Sunday, July 7, 2019

Angry Young Man Or Jules Was Right

Your anger (and by extension your energy) is a limited resource. Outrage is an easy way to collect people’s attention. Today’s example: The blowback about a black Ariel on Twitter? Probably a bot. The anger about a black Ariel on Twitter? Real. But what could those people on Twitter do with their energy that wasn’t diverted by one bot? The easy answer is “their jobs”, the actual answer is have more time for the people they care about, or for the issues they care about.

Social media (Instagram, Facebook, and Twitter too) removed chronological timelines a while back. What you see now is what algorithms designed by humans think you’ll respond to, which is stuff that’s already been engaged with a lot. Sometimes, that’s good. Person A is pregnant, Person B got a new job, that’s neat. Often, it isn’t. It’s “can you believe this shit”?
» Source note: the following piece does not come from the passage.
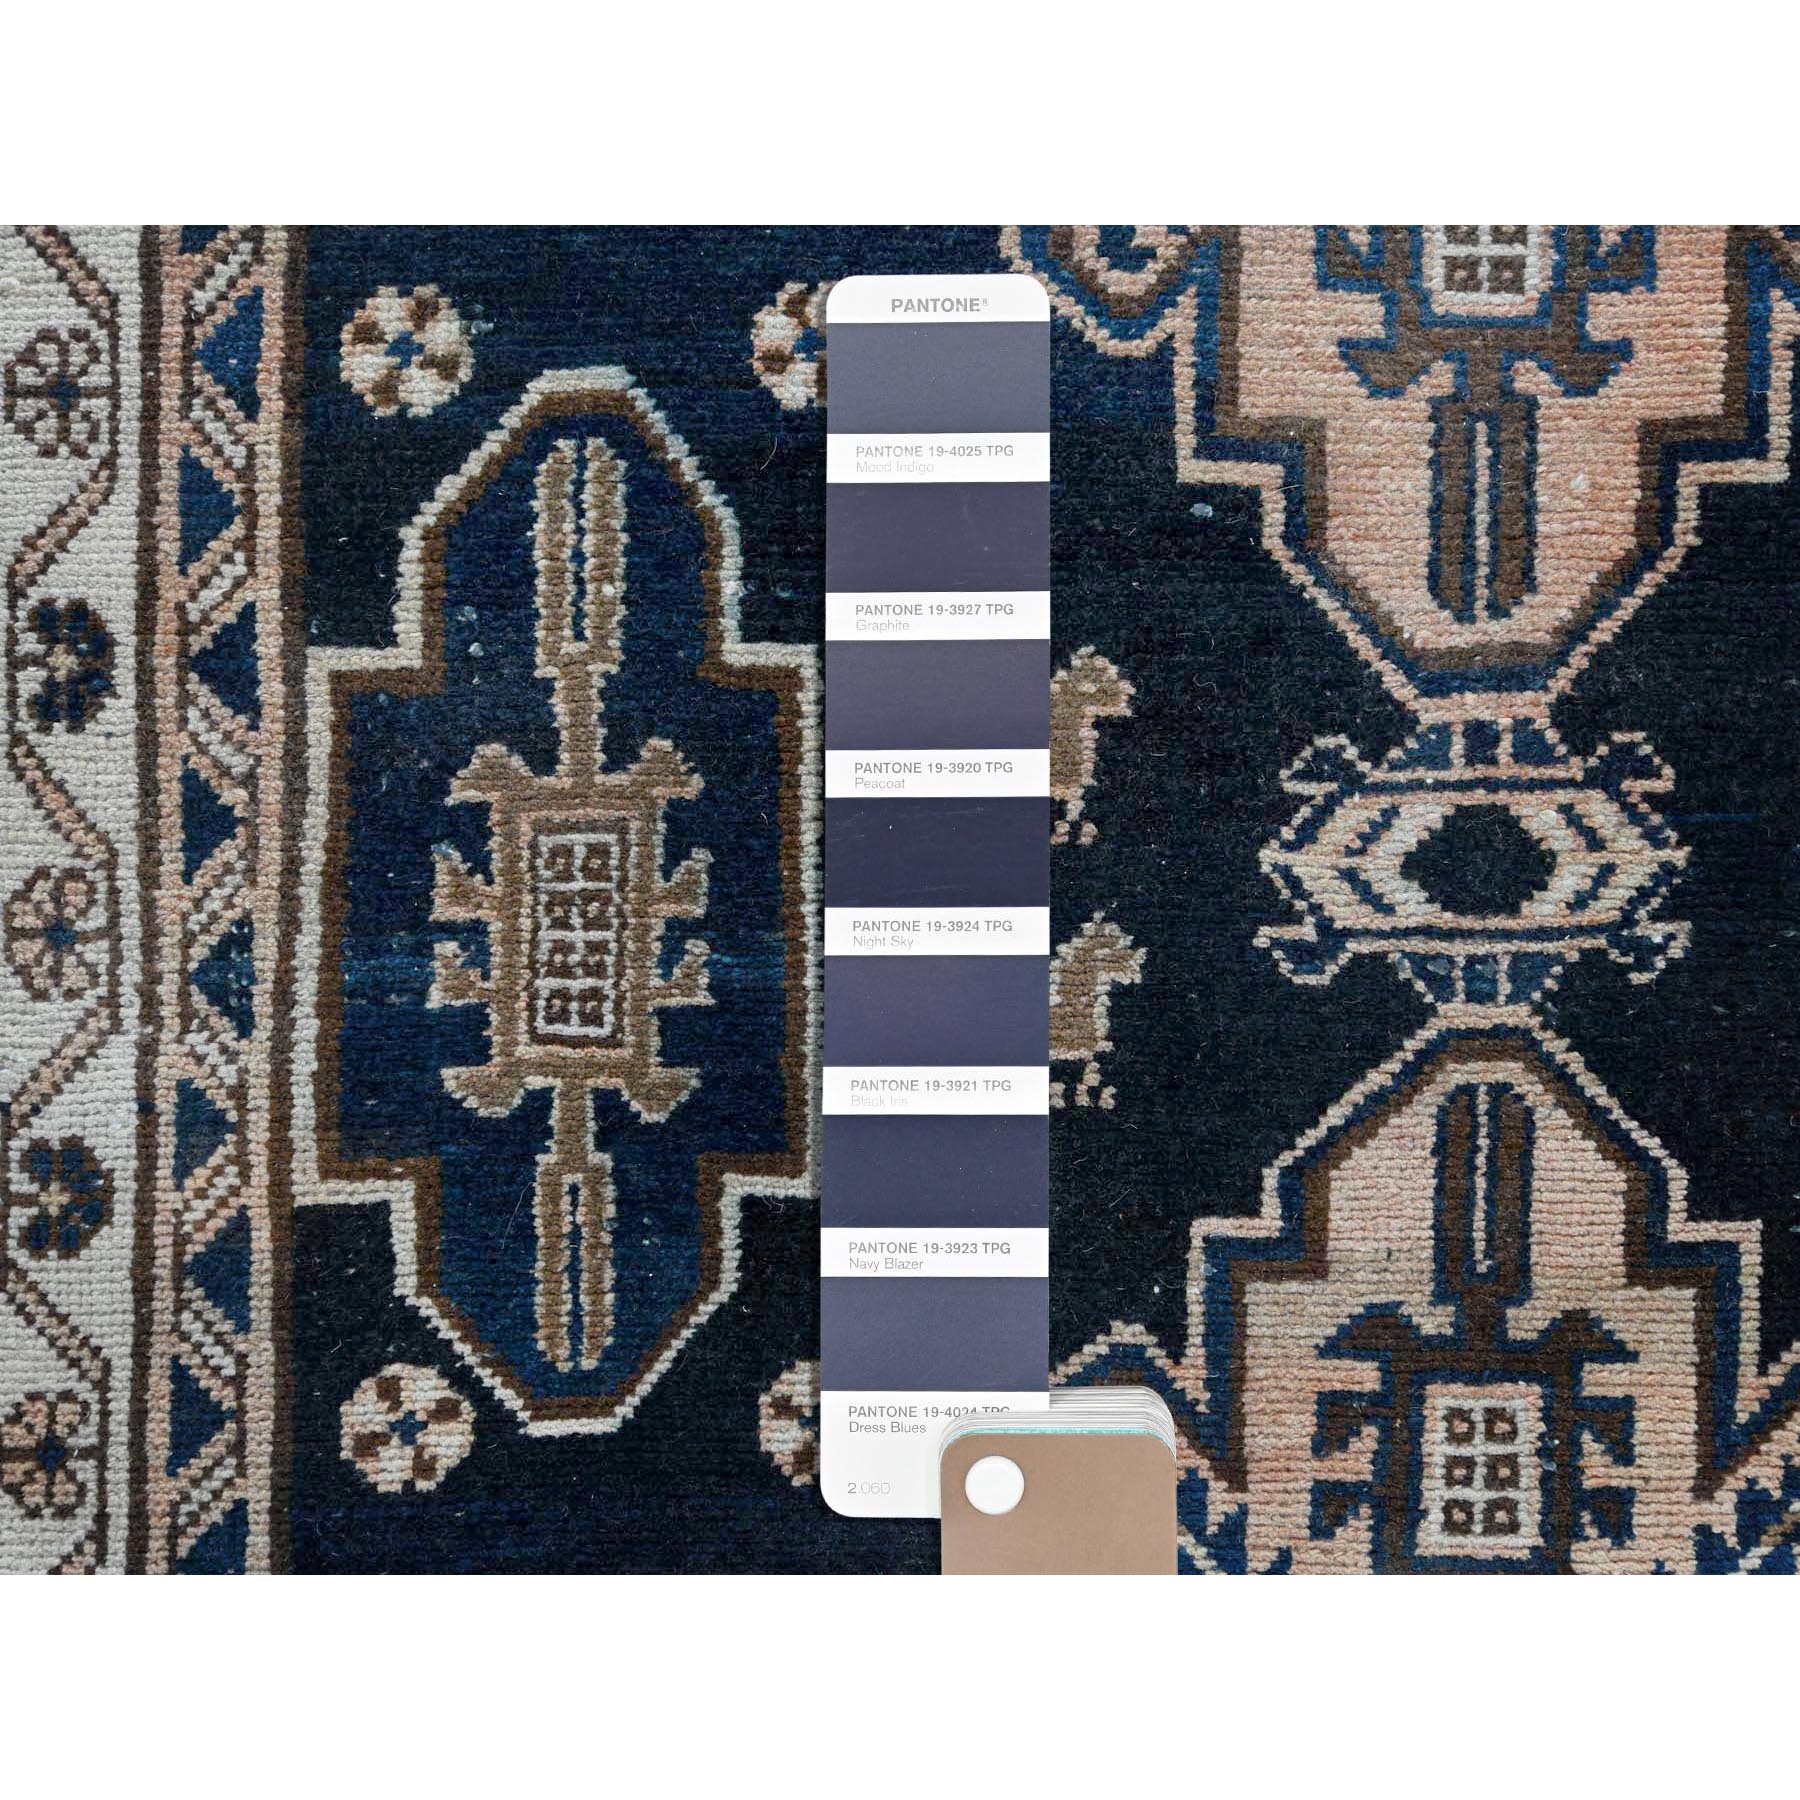 3'5"x9'7" Midnight Blue, Vintage Persian Malayer with Small Bird Figurines, Abrash, Distressed, Sheared Low Hand Woven Pure Wool Wide Runner Oriental Rug

In fairness, there’s plenty of shit to go around. The Trump administration keeps a steady stream of it coming. I think the headliner there is putting asylum-seekers and refugees to this country in cages in deplorable conditions. It was a bad idea when we put Japanese people in cages during WWII, and it’s a bad idea now.

The question becomes can the person do anything with the anger they feel, not “are you angry”? Being angry constantly eats away at you, and I submit the history of my social life at Allegheny to prove it. There’s something more I’ll call insidious: Outrage feels good.

Like drugs, it’s a pleasurable feeling as it burns you out. Outrage was my drug of choice, and in retrospect, I used heavily. Now I see it happening to other people, and I want to tell them they can stop.

I hate that I need to double underline this point: You should care. Evil exists, and driving you towards apathy isn’t my goal. But set some boundaries for yourself. Make a list of things to do, whatever that means. If it’s calling up your congressperson, do it. If it’s go protest, do it. If it’s listen to survivors, do it. But please, I beg you, set some boundaries. Social media will erode your boundaries, and make your life more difficult if you let it.

Algorithms mean I might disappear, which I'm trying to learn to be okay with. Being engaged with is a great feeling, and I'm guilty of trying to game it myself.

A friend about how disappointed he was that one of his high school friends unfriended him on Facebook because of his political content:

"If you tire of me posting images of dead refugees - including children - I dare you to ask yourself why. If you would rather just focus on nice things, please consider how lucky you are to be able to do so. I loved seeing good friends and eating food today, but am still troubled that I went to an America party when today’s America is so difficult to celebrate."

I know exactly how both parties felt. Years ago, I stood in Ronen's shoes. It is difficult to celebrate America knowing the terrible things that go on in our name, and that's what's on my mind at the moment I hit post. Today? I understand that unfriending man more than I care to admit. Sometimes, I need a break.